CD-Kritik Zur Startseite

The Prodigy

Fat of the Land

(Intercord)

Wenige Alben wurden im Sommer so begierig erwartet wie die jüngste Scheibe von "The Prodigy" - war es doch schon einige Zeit her, daß die englische Band mit "Music for the jilted Generation" die Szene in Aufruhr versetzt hatte. Mastermind Liam Howlett arbeitete über ein Jahr an der Scheibe, und: Es hat sich gelohnt. "Smack my bitch up", "Breathe" und "Firestarter" sind, mittlerweile ein halbes Jahr später, zu Hits geworden, gehören zum Standardrepertoire jedes Prodigy-Fans.
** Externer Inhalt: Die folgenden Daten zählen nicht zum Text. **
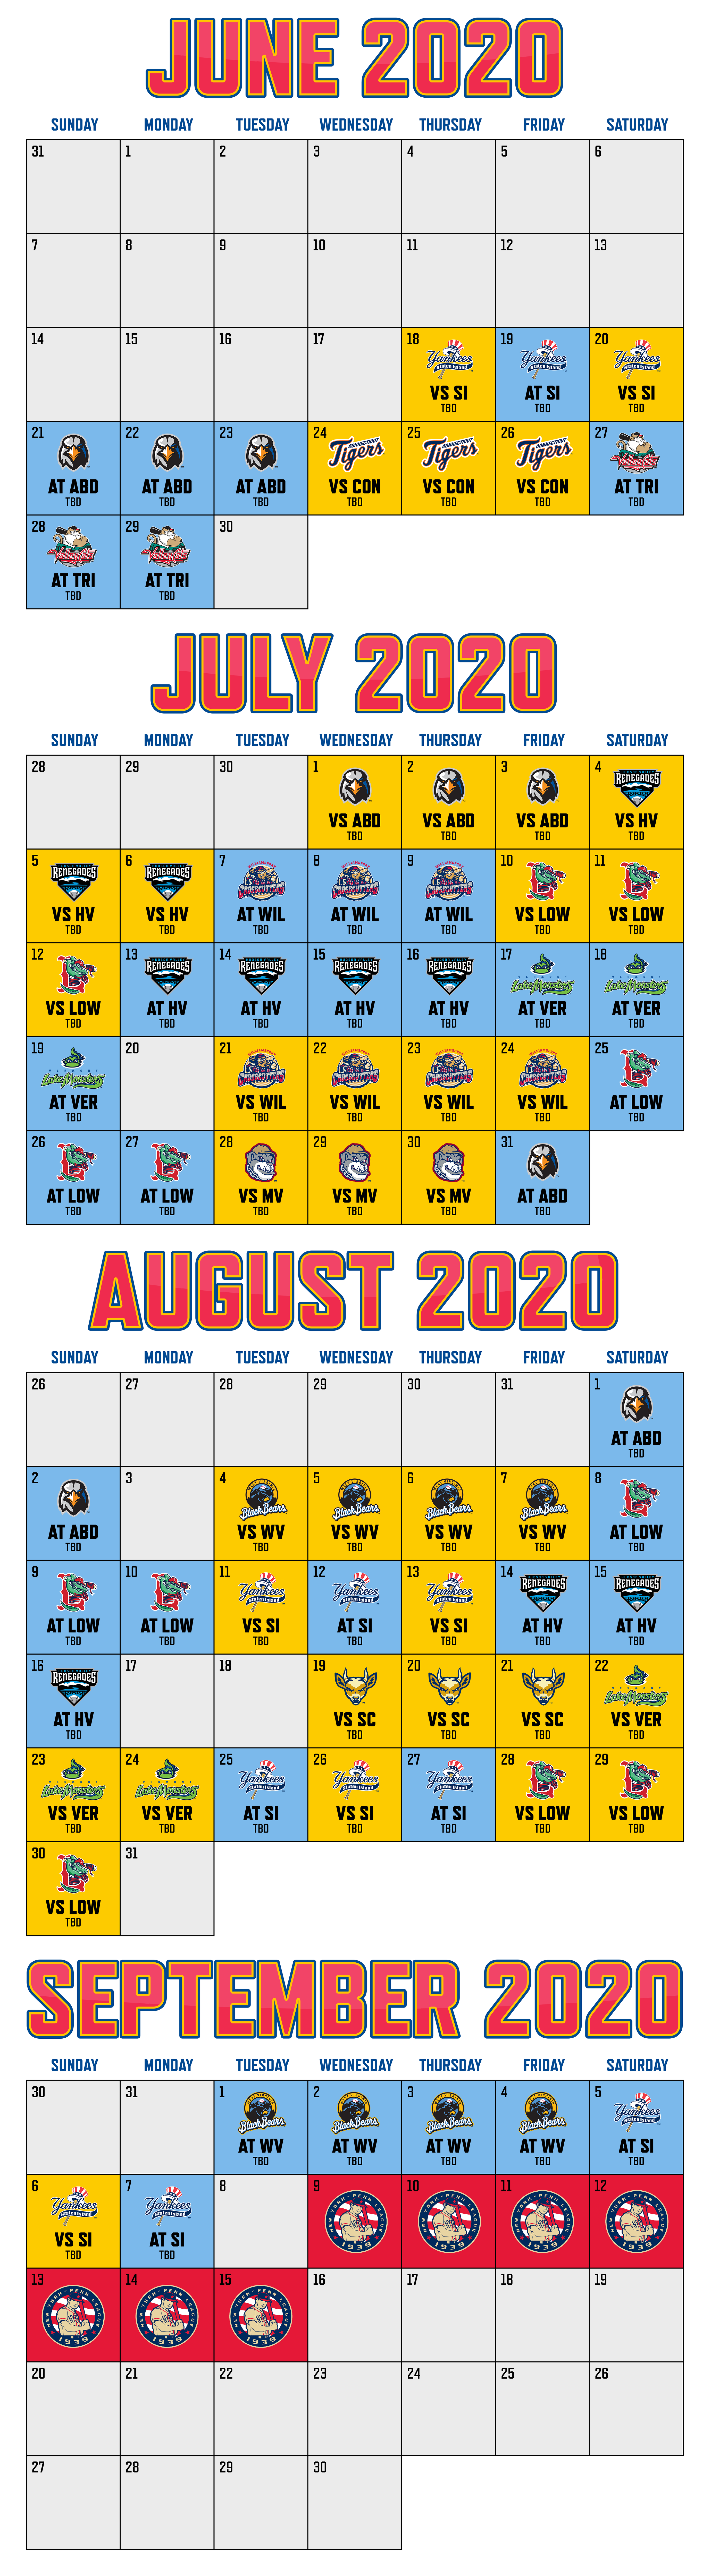 Ny Yankees 2020 Schedule.Yankees Schedule 2019 Regular Season Cleveland Indians 2019

Musikalisch überzeugt das Album mit einem fulminanten Mix aus Dance, Jungle, Rock und Hip-Hop, den "The Prodigy" so leicht keiner nachmacht. Die Jungs haben sich wie ein gigantischer Schwamm allen Musikrichtungen bedient, um sie gleichermaßen wie ein großer Schwamm aufzusaugen. Was der CD-Player dann wieder ausspuckt - falls man die richtige Balance zwischen den Höhen und Tiefen beziehungsweise die optimale Lautstärke findet -, ist ein höchst intelligenter Mix, der Spaß macht, ins Blut geht und zum Tanzen animiert. Neben oben genannten Hits finden sich auch Überraschungen wie Ausflüge in das Psychedelische ("Narayan", "Climbatize") auf der CD, die so gar nicht in das Image der bösen Buben aus England passen.
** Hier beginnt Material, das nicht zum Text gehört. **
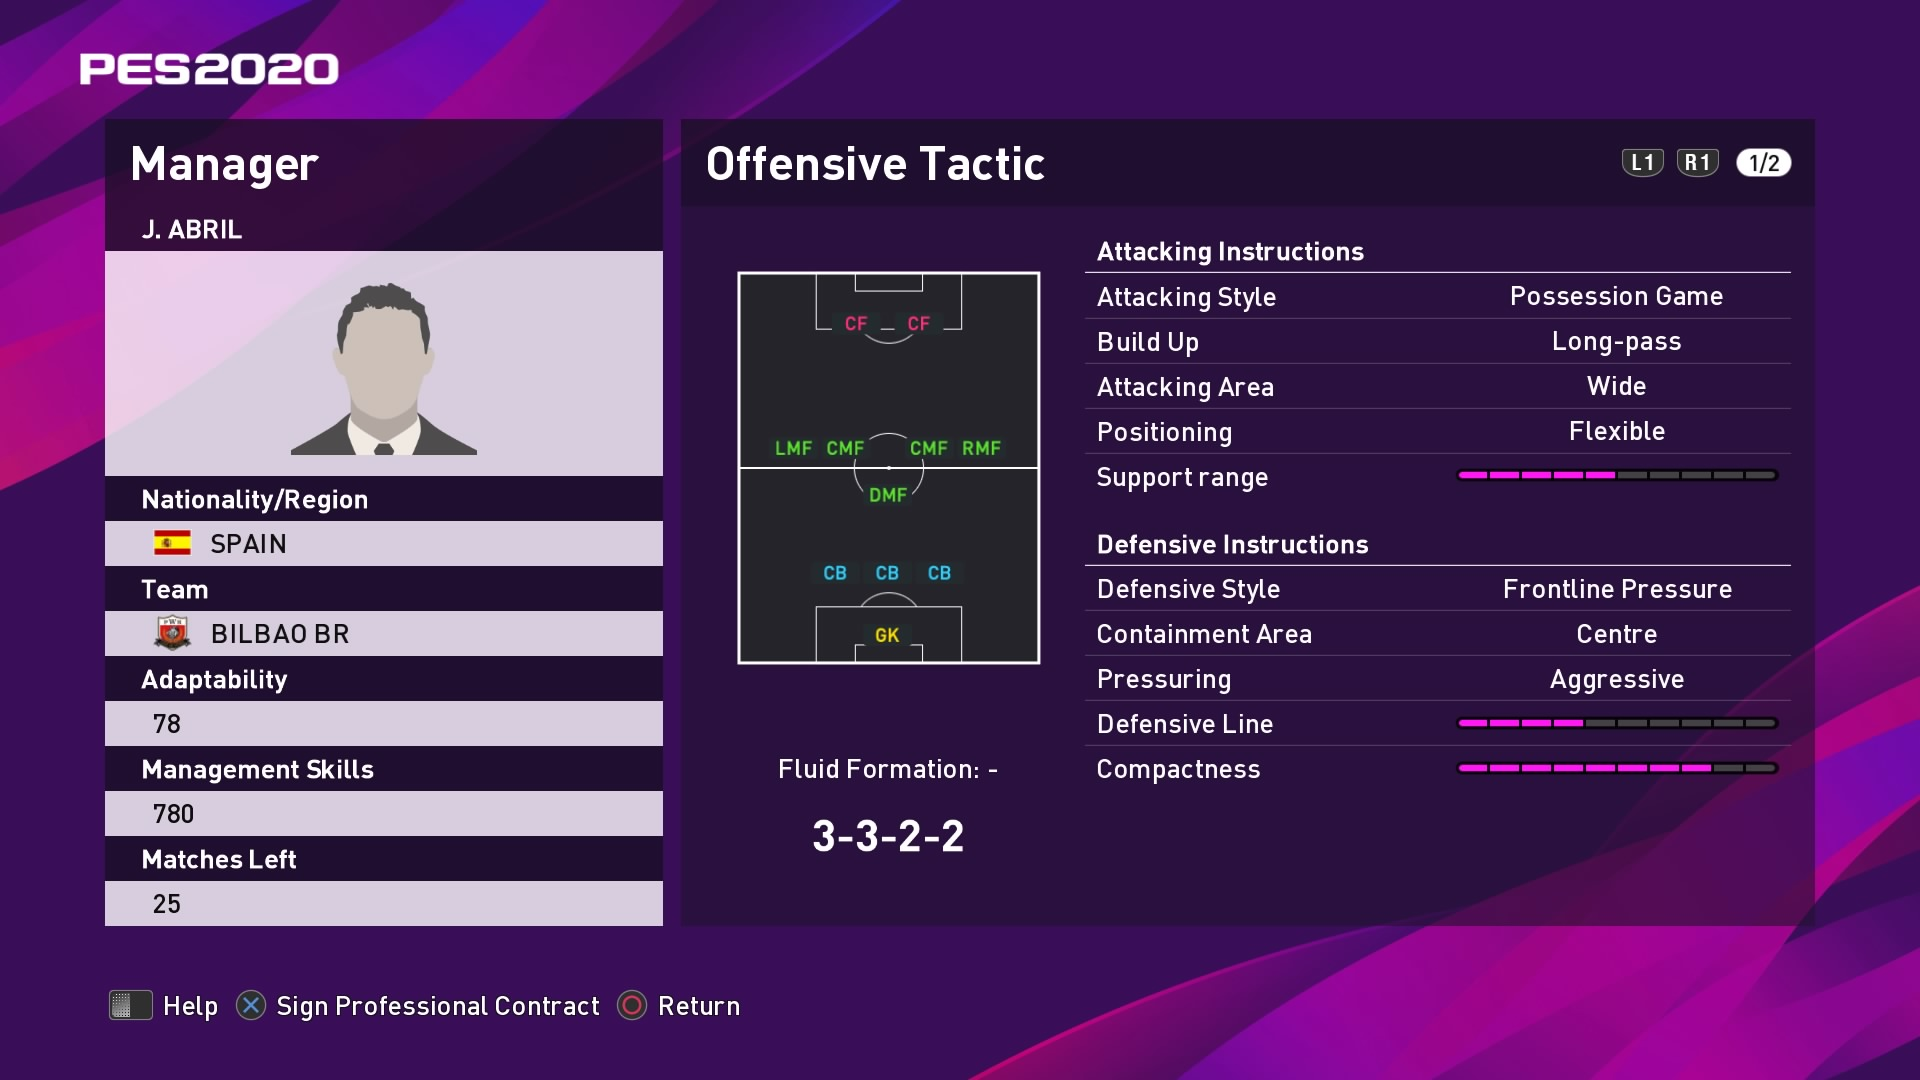 J. Abril (Gaizka Garitano) Offensive Tactic in PES 2020 myClub

Schwächere Live-Auftritte in letzter Zeit, bei denen die Lautstärke und die entsprechenden Baßwellen schier alles überfluteten, können nicht darüber hinwegtäuschen, wie filigran und intelligent die Band zu Werke geht. "The Fat of the Land" ist eine der wichtigsten Platten diesen Jahres; von einer Band, die den Höhepunkt ihrer Kreativität erreicht hat. Und außerdem: DER definitive Soundtrack für lange, dunkle Fahrten auf Autobahnen und Landstraßen!